Intellectual Property and Sustainability
TEPA aligns IPR commitments with TRIPS, with Switzerland’s high standards reflecting India’s robust regime. Concerns over generic medicines and patent evergreening are addressed to ensure affordability. The agreement prioritizes sustainable development, inclusive growth, social progress, and environmental protection, fostering transparency, efficiency, and harmonized trade procedures.
Investment Facilitation via the India-EFTA Desk
Operational since February 2025, the India–EFTA Desk serves as a single-window mechanism to streamline regulatory navigation for EFTA businesses investing in India. It supports joint ventures, SME collaborations, and technology partnerships in renewable energy, life sciences, engineering, and digital transformation, while fostering continuous business-government dialogue.

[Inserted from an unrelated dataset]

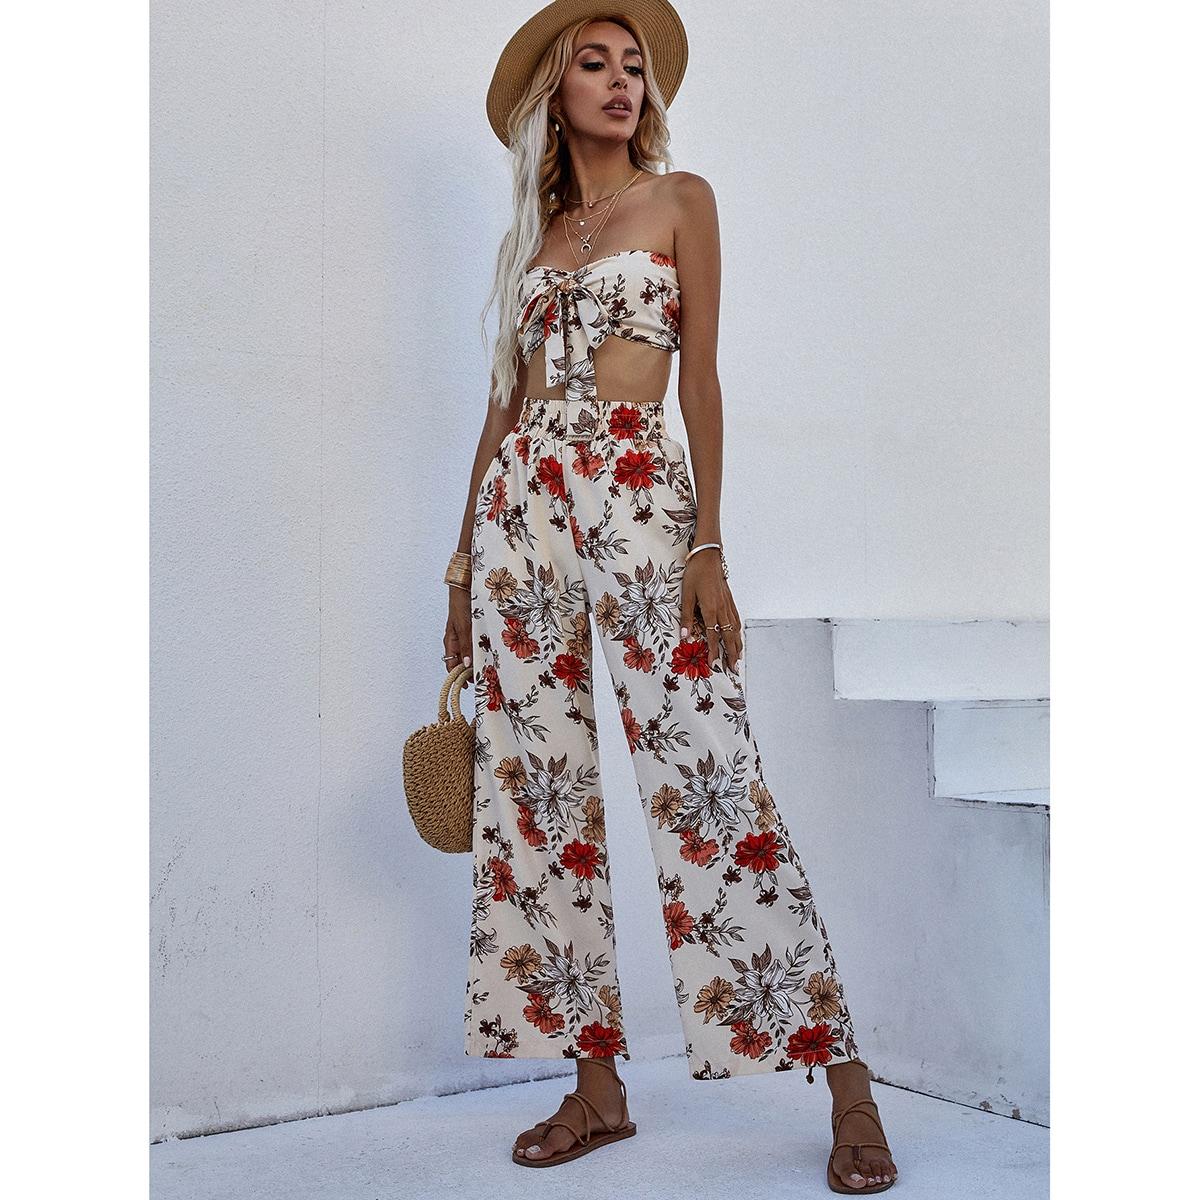 Floral Print Tie Front Tube Top & Elastic Waist Pants Set

Safeguarding Strategic Interests
India protects sensitive sectors like dairy, soya, coal, pharmaceuticals, medical devices, and agricultural products. Concessions for PLI sectors are phased strategically, ensuring domestic capacity building aligns with national priorities.
Conclusion
The India-EFTA TEPA, effective October 1, 2025, establishes a transformative partnership, unlocking $100 billion in investments and 1 million jobs over 15 years. By enhancing market access, streamlining trade, and fostering sustainable growth, TEPA strengthens India’s global economic standing, reinforcing Make in India and Atmanirbhar Bharat. This landmark agreement positions India and EFTA as trusted partners in reshaping global supply chains for a prosperous future.